N-bomb -- propaganda fallout for the Soviets?
Ronald Reagan's go-ahead for the neutron bomb -- Soviet howls of protest notwithstanding -- has a silver lining for the kremlin. First of all, the decision is a windfall for Soviet propagandists -- a gift-wrapped lever for their bid to encourage West European uneasiness over Mr. Reagan.
Much more importantly, the neutron bomb move could help Moscow solve a basic policy problem: What (besides angry Pravda commentaries and a seemingly endless string of "peace initiatives") to hurl back at this "anti- Soviet" US President.
Initial Soviet coverage of the US neutron bomb decision, including a commentary carried by Pravda Aug. 10, hinted at one possible answer: The Kremlin could produce neutron weapons of its own. The implied message would be clear: "We can answer you, Mr. Reagan, in more than words."

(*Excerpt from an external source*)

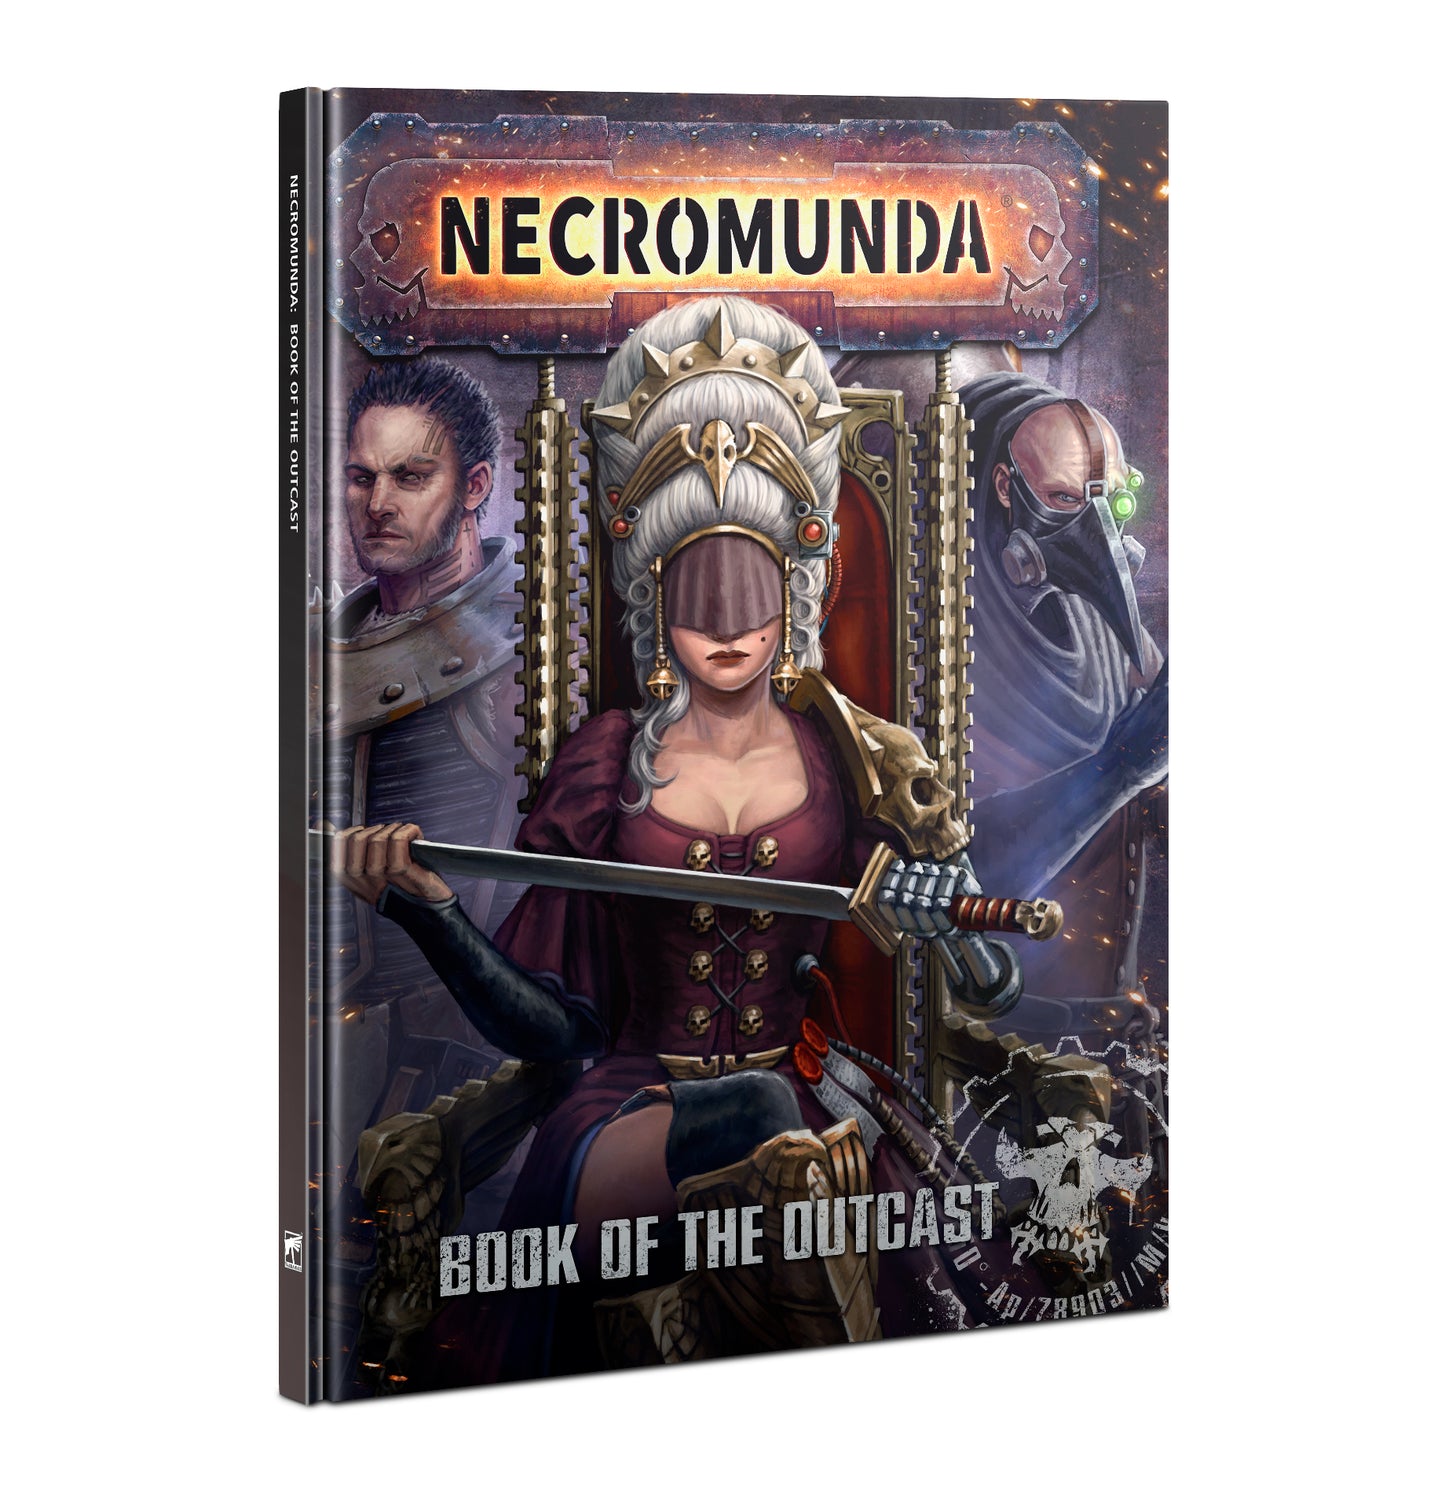 Necromunda Book of Outcasts

Whether the Soviets follow through on this hint (President Leonid Brezhnev said back in 1977 he would match any US move to produce neutron weapons) may afford the most important practical test to date of Kremlin strategy toward the Reagan administration.

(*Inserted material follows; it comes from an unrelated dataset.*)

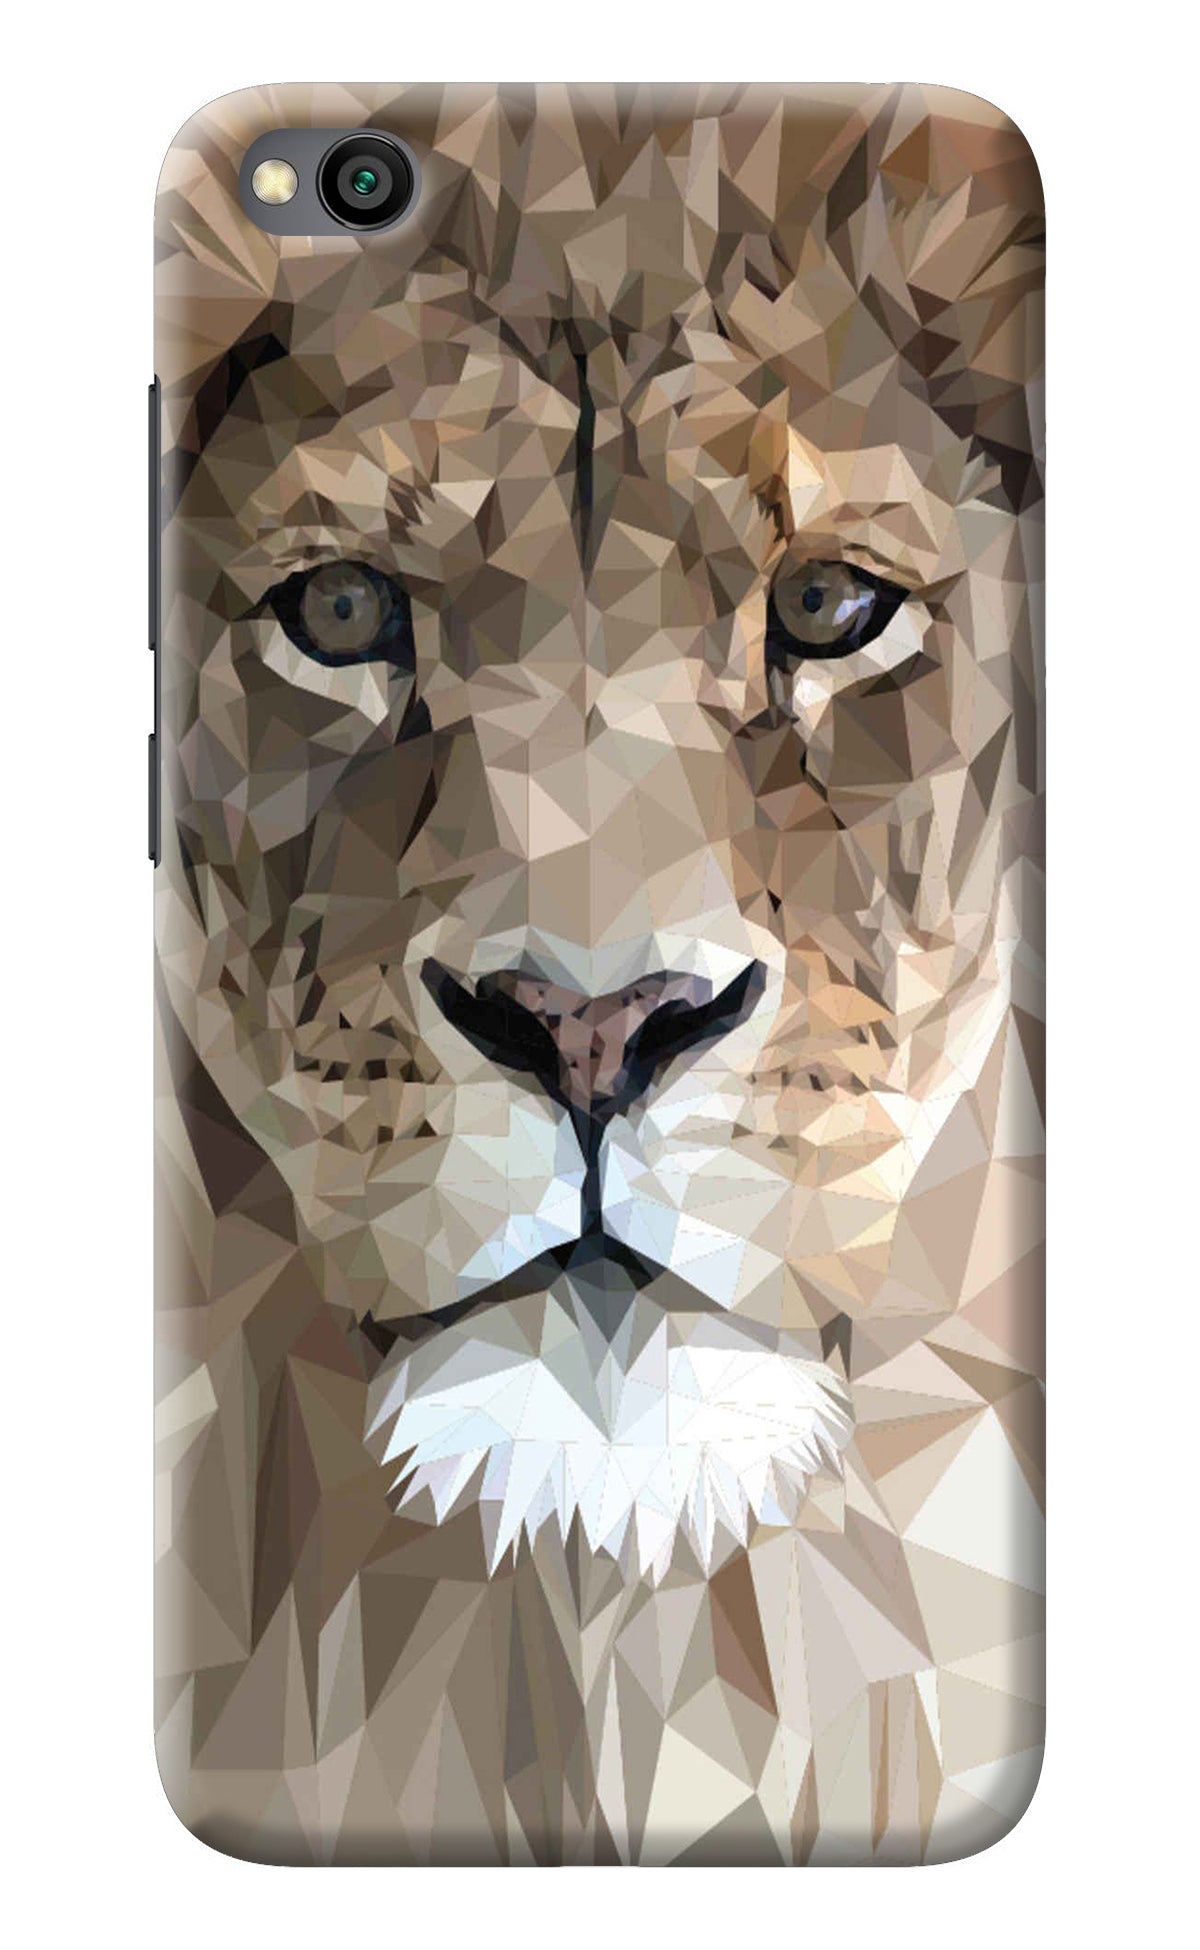 Lion Art Redmi Go Back Cover

Mr. Brezhnev was quoted as telling a group of visiting US senators here in 1978 that Moscow had already tested a neutron weapon -- a statement echoed by the French defense minister Aug. 10 after the US decision on the warhead -- but had "never started production."
Even before the US decision, there seemed signs of uncertainty here over just how to handle Mr. Reagan -- whether to "wait him out" in hopes of gradually improved relations, or to adopt a gradually more muscular approach.
So far, the choice has been to wait, presumably with an eye toward planned talks in September with US Secretary of State Alexander M. Haig Jr. and resumed discussions on missile forces in Europe shortly thereafter.
Six months of Ronald Reagan, Soviet officials argue, have produced US rearmament, a bid for a heightened US military profile in the Mideast, an arms deal with Pakistan, and at least prospective arms sales to China.
The Soviet response has consisted, mostly, of barbed words, nonstarting peace plans for most of the world, and an agreement Aug. 15 to buy a further batch of US grain.
Many foreign analysts here have been assuming there is not much else the Soviets can riskm doing. The Soviet leadership, the argument goes, is old and getting older. The domestic economy is troubled and getting more so.
A markedly tougher line toward Washington could worsen relations with West Europe, too, further strain the Soviet economy, and threaten the political position of a Soviet President who has invested personally in the idea of detente.
Conversations with senior officials, meanwhile, suggest an opposite view: that the key economic element in detente, trade with West Europe, is secure, and that the Kremlin has so far consciously opted to treat Mr. Reagan with "political wisdom, maturity,. . . and restraint."
Whichever the case may be, there have been scattered hints in the past month of an incrementally toughened Soviet attitude toward Mr. Reagan.
On Aug. 8, for instance, Soviet Foreign Minister Andrei Gromyko seemed to go beyond traditional warnings that Moscow could "not remain indifferent" to US arms policy toward nearby China and Pakistan.
Writing in the authoritative newspaper Pravda, he reminded readers, US diplomats here no doubt among them, that Moscow supplies weaponry to India, a state that borders the USSR, Pakistan, and China.
He added, in what seemed a reference transcending the Soviet-Indian relationship, that "no one should have any doubts on the capacity of the Soviet state to defend itself and its allies and friends."
All this remains, of course, only words. But since July the Soviets have also begun what might be called a battle of military maneuvers with the US and its allies.
While denouncing relevant exercises by the West and Japan, the Soviets have:
* Announced a series of missile-launch tests in the Pacific.
* Staged joint naval exercises with Syria, amid heightened Mideast tension.
* Begun, in recent days, uncommonly large exercise in the Baltic sea.
Asked to explain the timing of the Soviet- Syrian exercise, a Soviet official riposted: "Why are there joint maneuvers . . . in every corner of the globe by the US?"
Another official said the Syrian maneuver, and a more recent ceremonial call in Libya by Soviet warships, should "serve as a reminder of Soviet presence" in the Mideast, a "region mush closer to the Soviet Union" than to the US.
The Baltic exercise could be linked to the resurging crisis in nearby Poland. They could also conceivably relate to announced Western-South American exercises in the North Atlantic, amply and acridly criticized here.